-
Notifications
You must be signed in to change notification settings - Fork 4.1k
kvserver: delay log truncations in presence of paused followers #84467
Description
Is your feature request related to a problem? Please describe.
PR #83851 introduces pausing of replication to followers on overloaded stores. This frequently leads to these replicas requiring snapshots. It could be desirable to make log truncations more lenient in the presence of overloaded followers, to delay the snapshot until it is clear that it is the cheaper way to catch up the replica.

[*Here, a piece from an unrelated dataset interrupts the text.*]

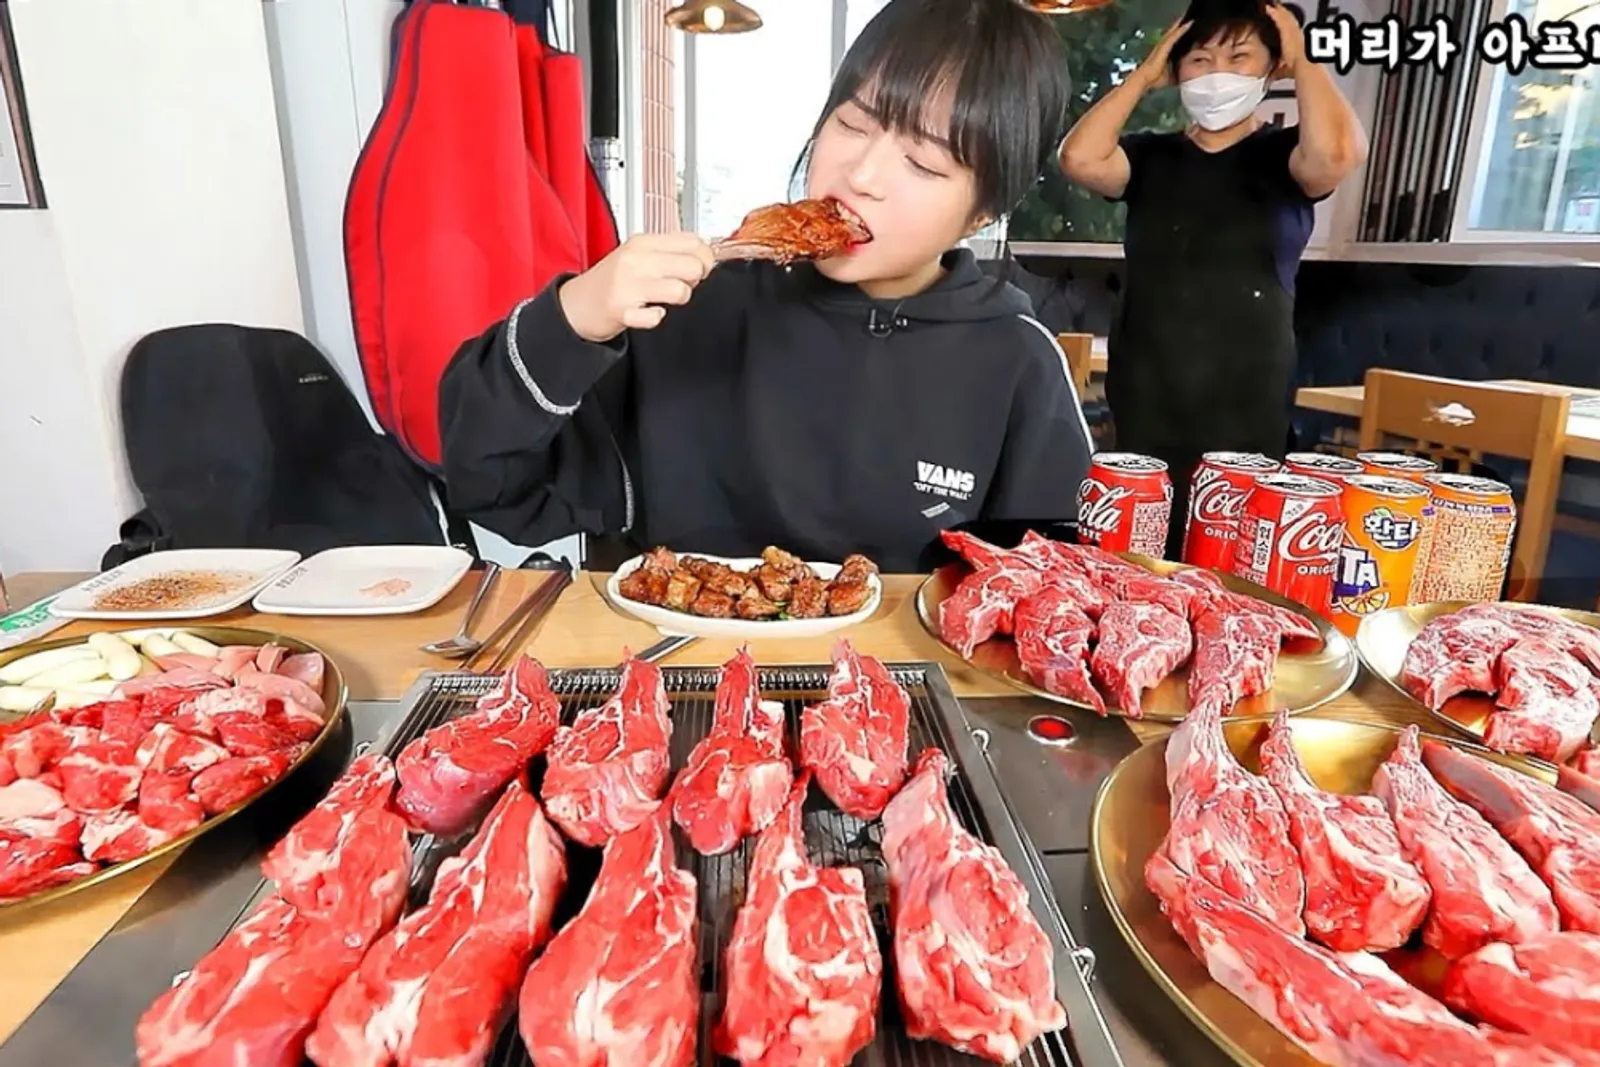 7 Rekomendasi Restoran di Korea dari Artis Mukbangers: Siap Mukbang?

Also, in regimes where a follower is paused and unpaused periodically for extended periods of time (which is assumed to be a normal case under persistent overload), it is doubly important to avoid repeated snapshots.
Describe the solution you'd like
Set a more lenient MaxLogSize in the raft log queue when overloaded (or paused?) followers are present.
The MaxLogSize set here should be a function of the configured max range size, most likely a fraction of it (since applying a snapshot is vastly more efficient than iterating over the log in the common case).
But perhaps the real change necessary is to set a higher bar for when to even attempt to send a snapshot, i.e. block snapshots not only when the follower is paused, but also when it is still "fairly overloaded" (say score >0.4 where the pausing cutoff is 0.8). It is hard to reason through this though, since snapshots might be required to restore quorum, and such snapshots should not to be delayed.
Describe alternatives you've considered
Additional context
Jira issue: CRDB-17676